HIT: Do current expectations also include the ability to
refinance in 12 to 18 months?
Davis: I think that assumption still holds. But I also don’t
think that anyone is assuming that you’re going to see 150 to 200 basis points
of Fed funds tightening over the next six to 12 months, and that’s different than
what we thought. So, I would argue that as a result of reset expectations
around rates we’re in the midst of another recalibration that's taking place. As
those reset expectations are firmed up, you’ll start to see more transactions
activity later in the year. But to be clear, my expectation isn’t as robust as
it was when we had this conversation four or five months ago.
HIT: What do you make of the deals getting done today?
Davis: It’s a continuation of the trends that we’ve seen, which
is a strong bid for larger resort, trophy, luxury assets. There also continues
to be a strong bid for smaller select-service assets, but I would tell you that
some of those select-service deals have become a bit tougher to get done because
the financing market for those smaller deals isn’t as robust.
Those two extremes is where the deal activity has been
concentrated. That was true six months ago, that’s true today, and I expect
that will likely continue to be true. The one difference, though, is we have
seen a strong recovery of group and business transient. Also, the urban markets
have started to perform quite well. As a result, you will see more urban hotel
trades, which may not be luxury, and may not necessarily be large. I think you’ll
see more urban hotel trades take place over the next six to 12 months.

Clearly, you’ve had some investors that have dipped their toe into the market, but I think many investors still want to see what’s going to happen from a political regulatory perspective and with technology and AI, which I think is going to be a big driver in San Francisco as the market recover.
Kevin Davis
HIT: With every commentary there is a caveat excluding the
San Francisco market. What is your take on dealmaking there?

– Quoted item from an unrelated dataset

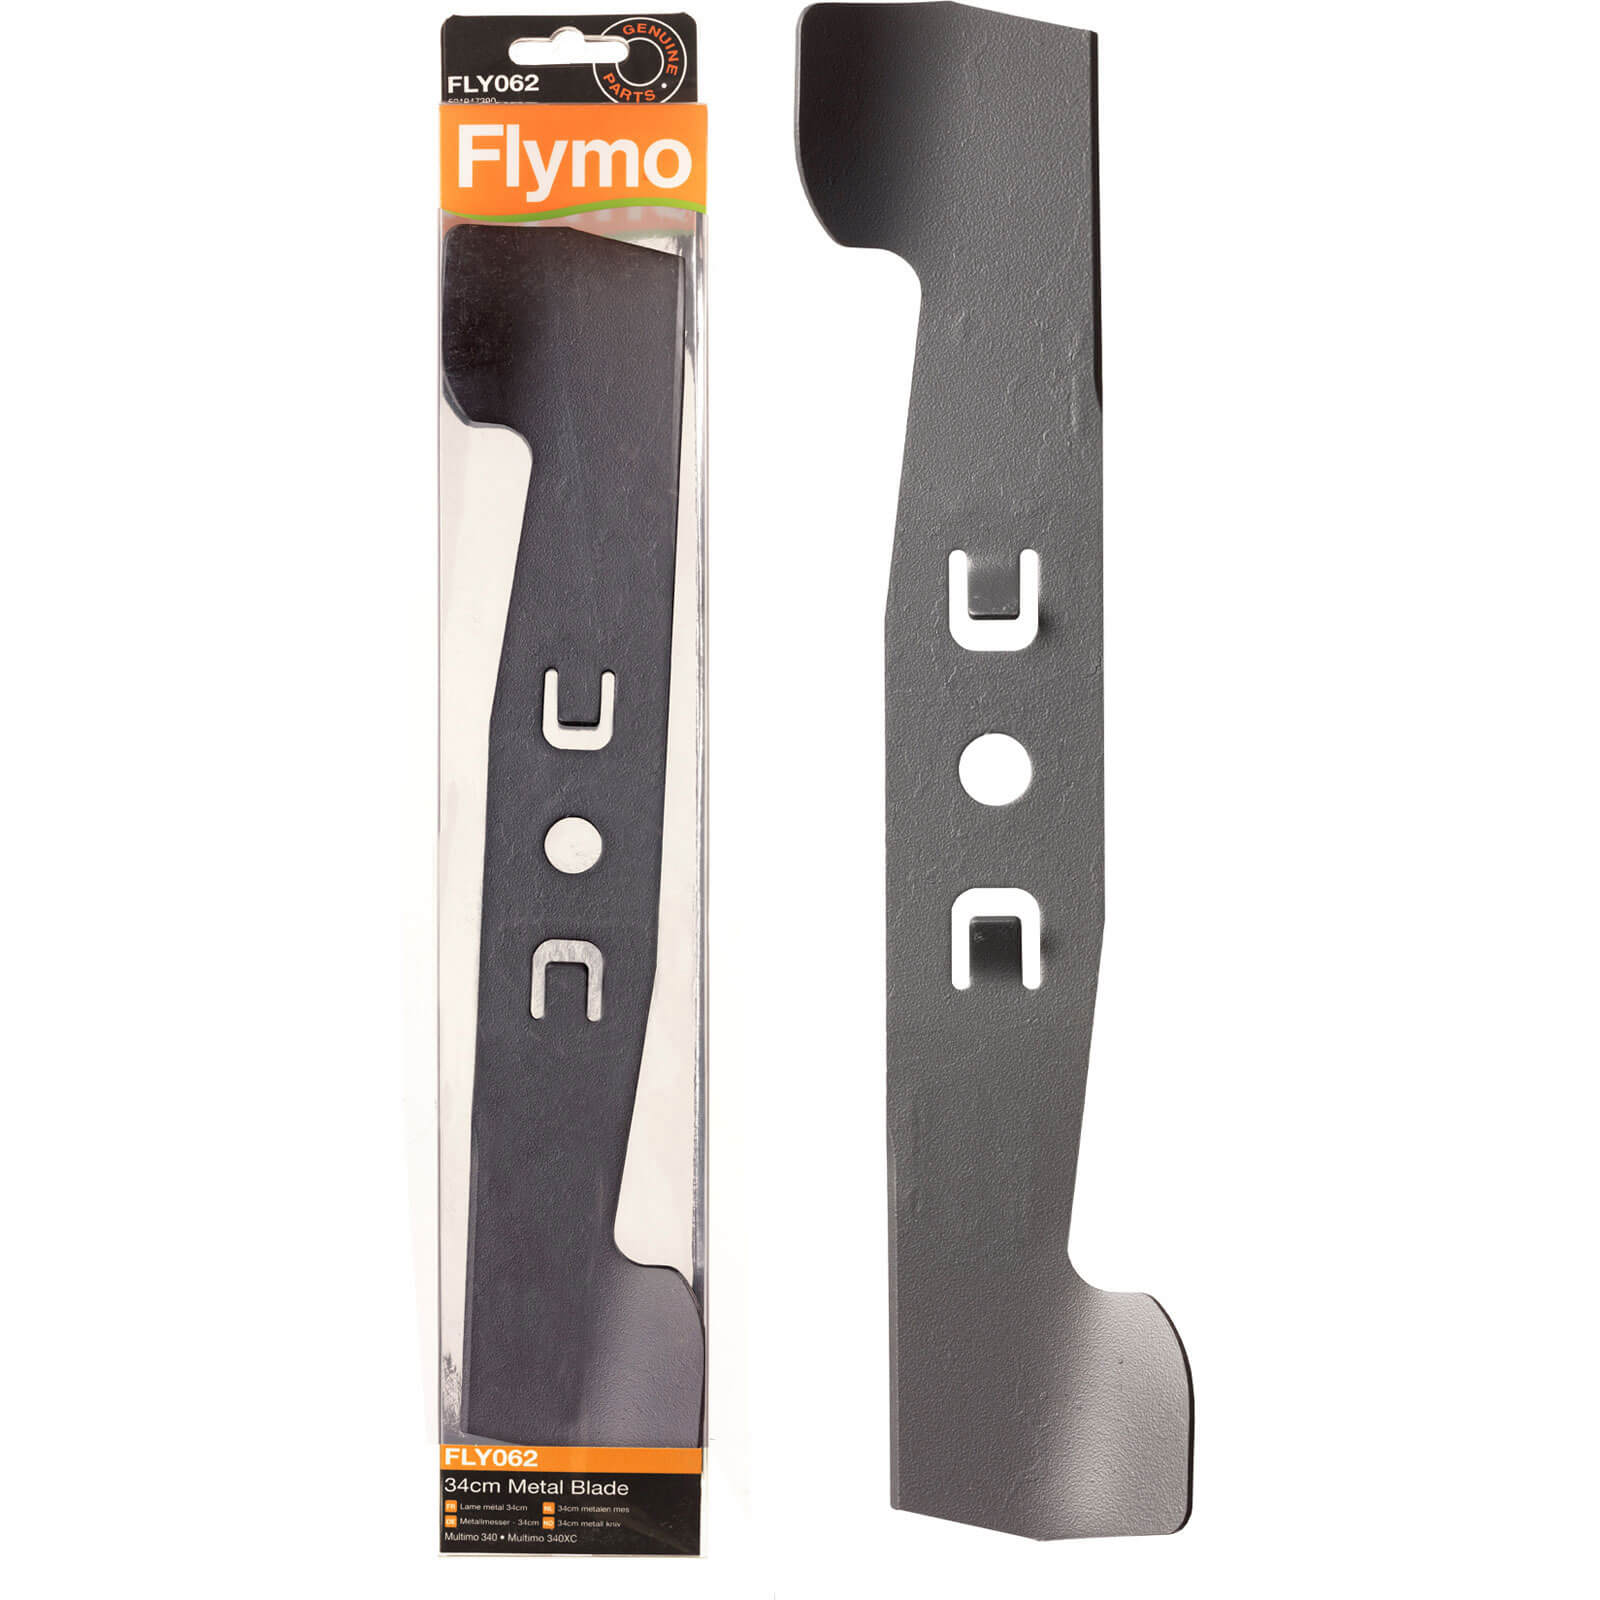 Photo of Flymo Fly062 Genuine Blade For Multimo 340xc Lawnmowers 340mm Pack Of 1

Davis: We’re certainly starting to see some green shoots in
San Francisco. I will tell you that the market, though, continues to be wait
and see. Clearly, you’ve had some investors that have dipped their toe into the
market, but I think many investors still want to see what’s going to happen
from a political regulatory perspective and with technology and AI, which I
think is going to be a big driver in San Francisco as the market recovers… Most
investors are still in wait and see mode based on the conversations I’ve had.
The people that are making bets in San Francisco right now
generally have a longer-term investment horizon. These are not three- to five-year
private equity bets as a general matter. These are five- to 10-plus-year
investors and high net worth family office investors.
HIT: What is happening in the refinance market?
Davis: The private debt market, of course, continues to be active.
The commercial banks continue to be incredibly selective.
I haven’t seen bank lending in hospitality change materially
post-COVID. So, it’s not clear to me when the banks will come back in earnest.
Again, to be clear, they are active – they’re just selective. A lot of the
banks are dealing with issues in the office space, no surprise there. So, one
would think that because hospitality is performing so well that you might see
greater investment from the banks in hospitality, but we haven't seen it.
One of the questions surrounds Basel III regulations
(designed to decrease damage done to the economy by banks that take on too much
risk), which are being finalized. There’s a question around if and when they’ll
be implemented, which will absolutely have an effect on bank lending. So, that
could be contributing to a lack of significant investment or lending on the
part of the banks.
HIT: What are you seeing on the new development front?
Davis: New development continues to be limited. There is
financing is available, but in many cases, you can buy at a 20% to 40% discount
to replacement cost. So, the math around new development just doesn’t make
sense. I think that’s going to continue to be the case for the foreseeable
future.
It’s not to say that development can’t get done. Some will
get done. But I think it’s best projects, best markets, best sponsors when
there’s a strong case for building a new hotel.